Mon Oct 3 16:43:09 UTC 2016

On 03/10/16 17:20, Anton Kozlov wrote:
> Already replied
> 
> http://mail.openjdk.java.net/pipermail/aarch32-port-dev/2016-September/000490.html

That really is weird: it did not arrive in my inbox.  Apologies!

> ARM ARM for v7 states: 
> 
> The ARMv7 architecture limits the set of instructions that can be executed by one thread of execution as they are
> being modified by another thread of execution without requiring explicit synchronization.
> Except for the instructions identified in this section, the effect of the concurrent modification and execution of an
> instruction is UNPREDICTABLE .
> For the following instructions only, the architecture guarantees that, after modification of the instruction, behavior
> is consistent with execution of either:
> • The instruction originally fetched.
> • A fetch of the new instruction. That is, a fetch of the instruction that results from the modification.
> The instructions to which this guarantee applies are:
> In the ARM instruction set
> The B , BL , NOP , BKPT , SVC , HVC , and SMC instructions.
> For all other instructions, to avoid UNPREDICTABLE behavior, instruction modifications must be explicitly
> synchronized before they are executed. The required synchronization is as follows:
> 1 ...
> 2 ..once the modified instructions are observable, ...
> 
> We are patching branches only, that aren't require explicit
> synchronization. You cited step 2 from explicit synchronization
> sequence.

We're also patching the stubs to be branched to.

> > But we are not doing that on all PEs.  For strict correctness we
> > should execute an ISB on every PE after a stub has been written and
> > before it is executed.  In practice I don't think that it matters
> > because the instruction cache on the other PEs probably won't already
> > contain a stale copy of the stub.  But it is possible: with a long
> > instruction cache it may do if the line has already been fetched for
> > an adjacent stub.  Without an ISB the PE may not re-fetch its icache
> > line and may then execute the stale stub code.
> 
> I'm a bit confused with this. Could you clarify your thought about
> icache problem?

> ISB is pipeline flush.

The architecture spec does not say anything about pipelines.  It says
that

   ...once the modified instructions are observable, each PE that is
   executing the modified instructions *must* (my emphasis) issue the
   following instruction to ensure execution of the modified
   instructions:

         ISB;         Synchronize fetched instruction stream

As far as I know there is no reason that a compliant AArch64
implementation should not interpret this rule as meaning that the
icache in another thread would not be flushed until an ISB.  In that
case, you may be jumping to a stale icache line in the stub.  Sure,
you have flushed it on the writer size with clear_cache(), but the
reader hasn't done anything.

> Let's suppose ISB is required after branch patch.

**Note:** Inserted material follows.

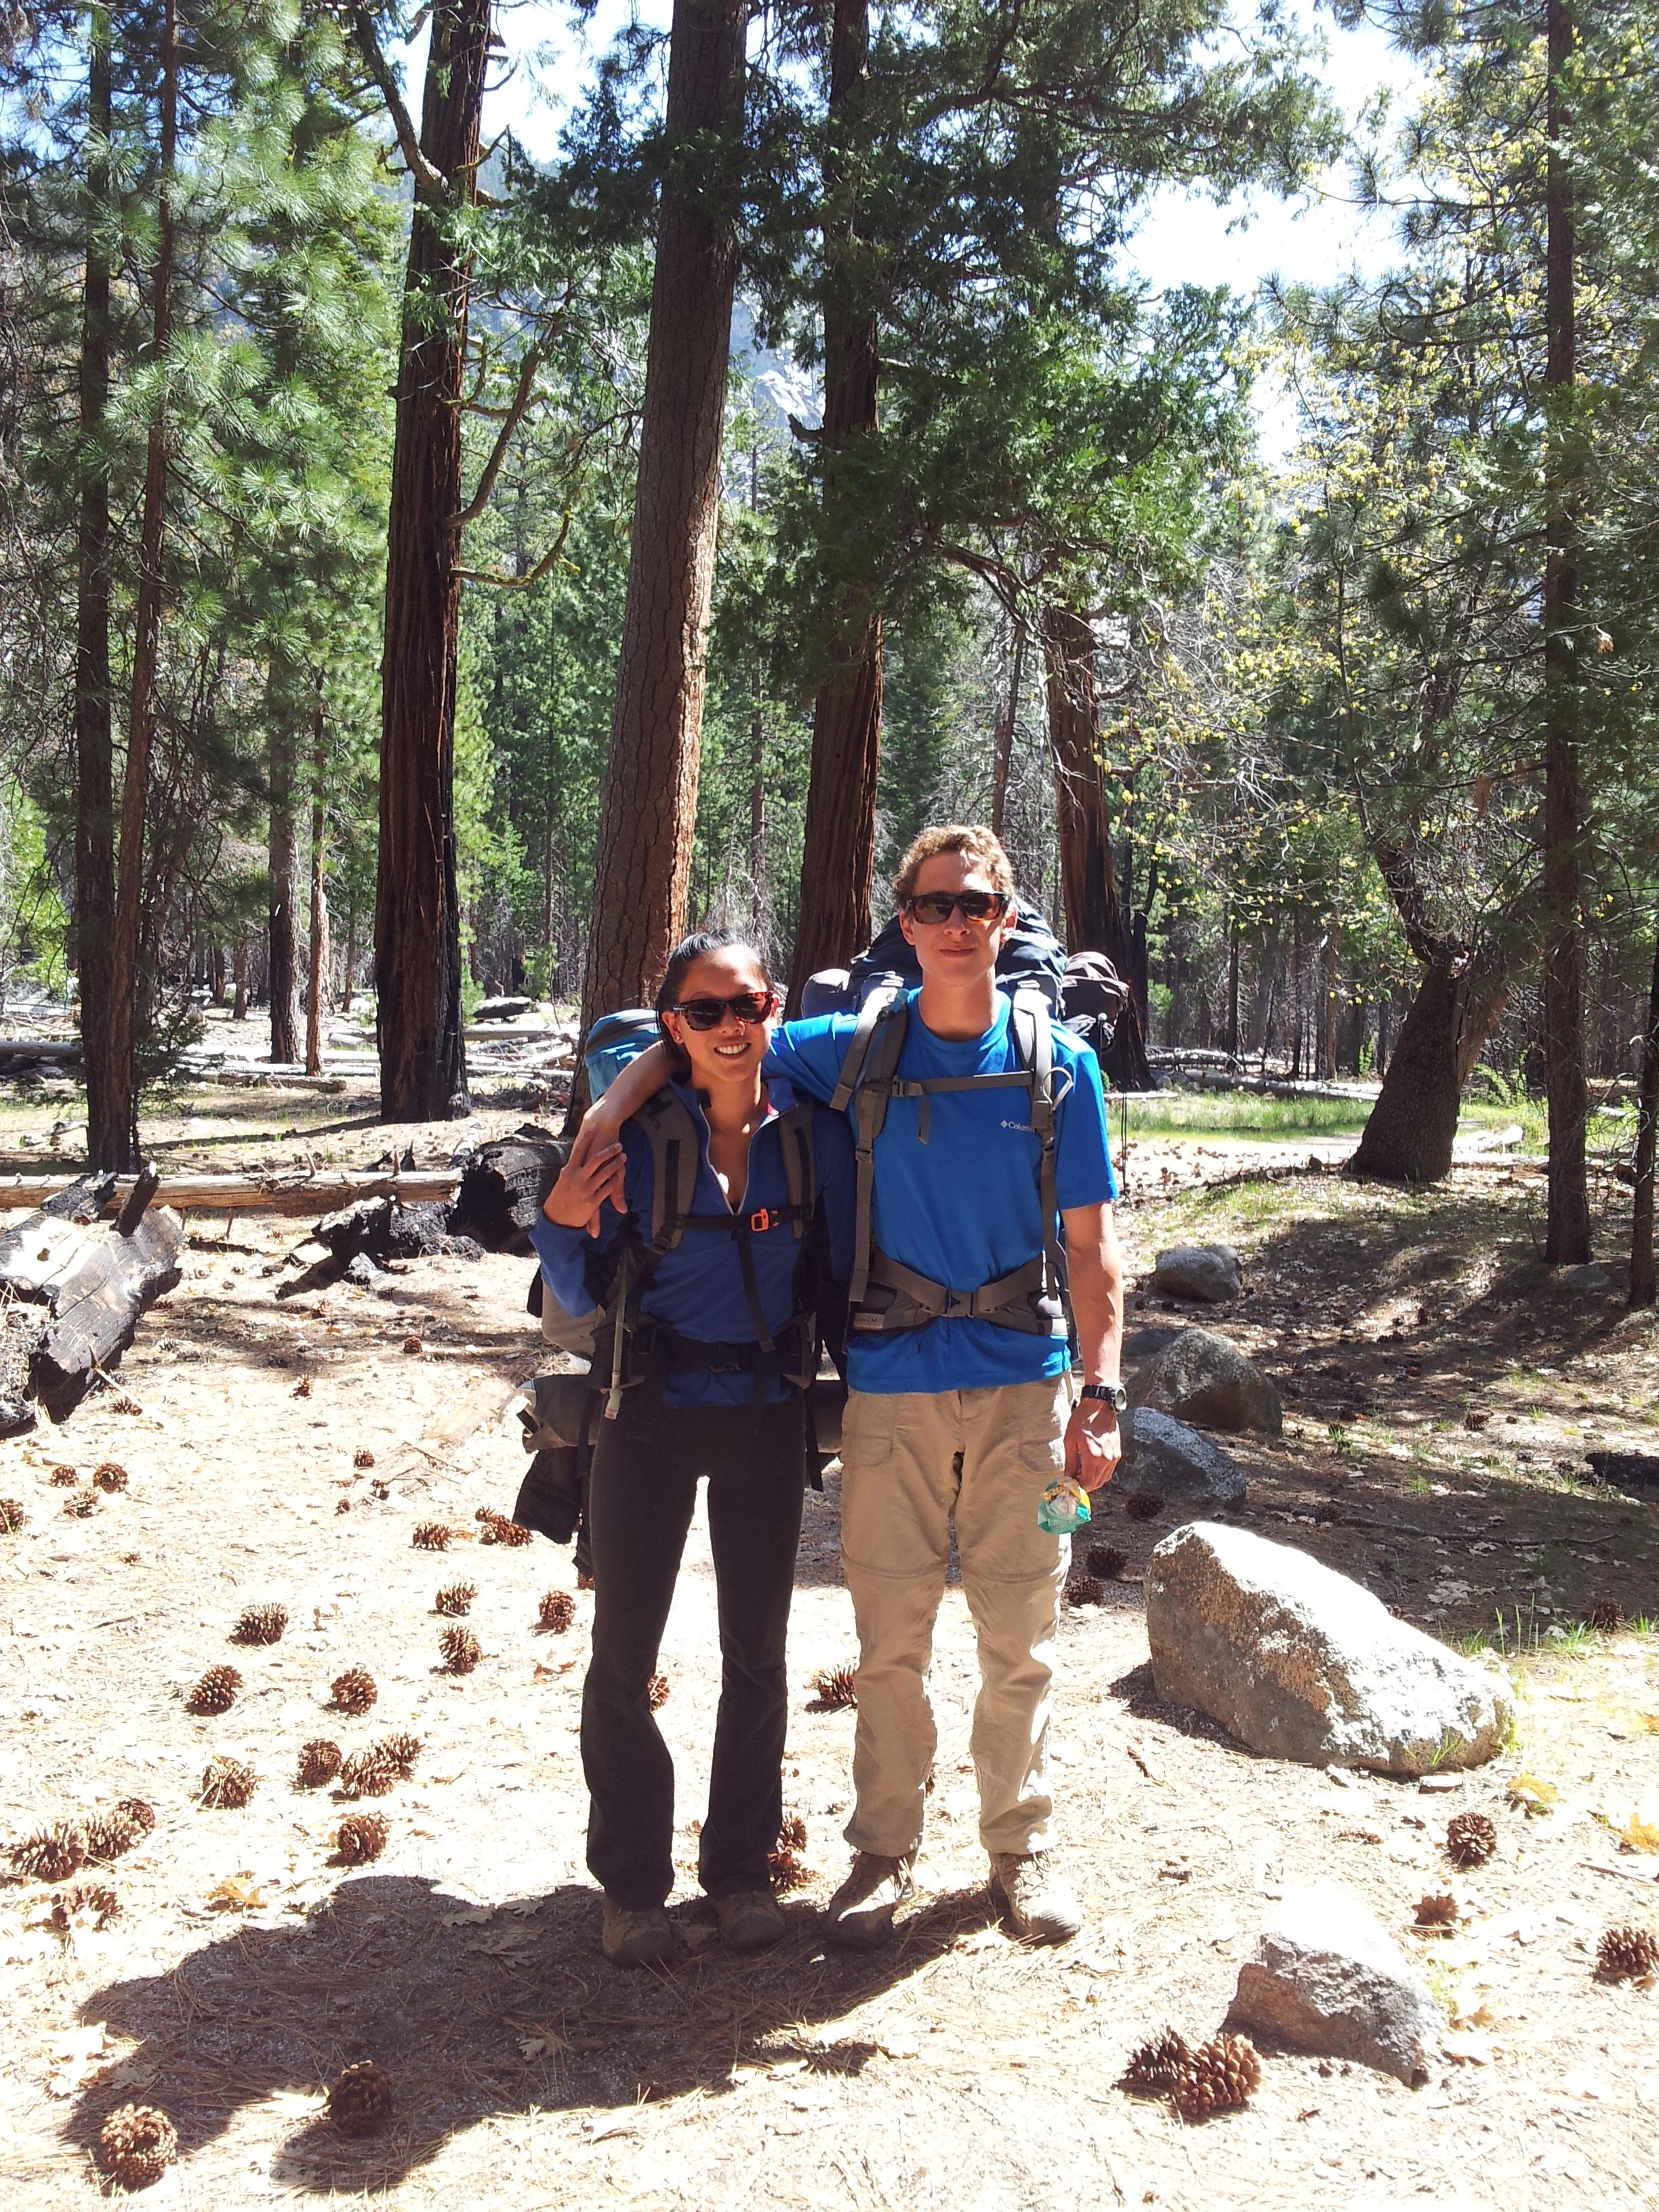 Team at the trail head

> >From my point of view, then, number of executed instructions from
> >point of patching to point of execution of patched instructions
> >matter.

> ISB could be required by ARM, but in practice bad things will happen
> if second point is reached in less than (pipeline-length)
> instructions. And we are patching deeply in runtime, there are a lot
> of branching, mutex release,..

But another thread executing concurrently does not have to wait for
any of that.  A soon as you do the write it potentially becomes
visible to that other thread.

> But yes, in case ISB required it should be added.

The problem is that there is no ordering on a reader PE (one which is
not doing the patching) between the two writes of instruction memory.
I can't see any architectural reason why it should not see the write
of the jump before it sees the write of the stub.  I know there is a
clear_cache on the writer side, but AFAICS there is nothing on the
reader side to enforce any ordering.

My thought is that the ISB issue of this could be made unnecessary
(and the code entirely compliant) simply by changing

   mov rN, #const
   movk ...
   jmp back

to

   ldr rN, l0
   jmp back
l0: .data const

Having said that, I guess there would need to be some sort of memory
fence as well.  I'm aware that it would be a little bit slower, but
this is a patch stub.

Andrew.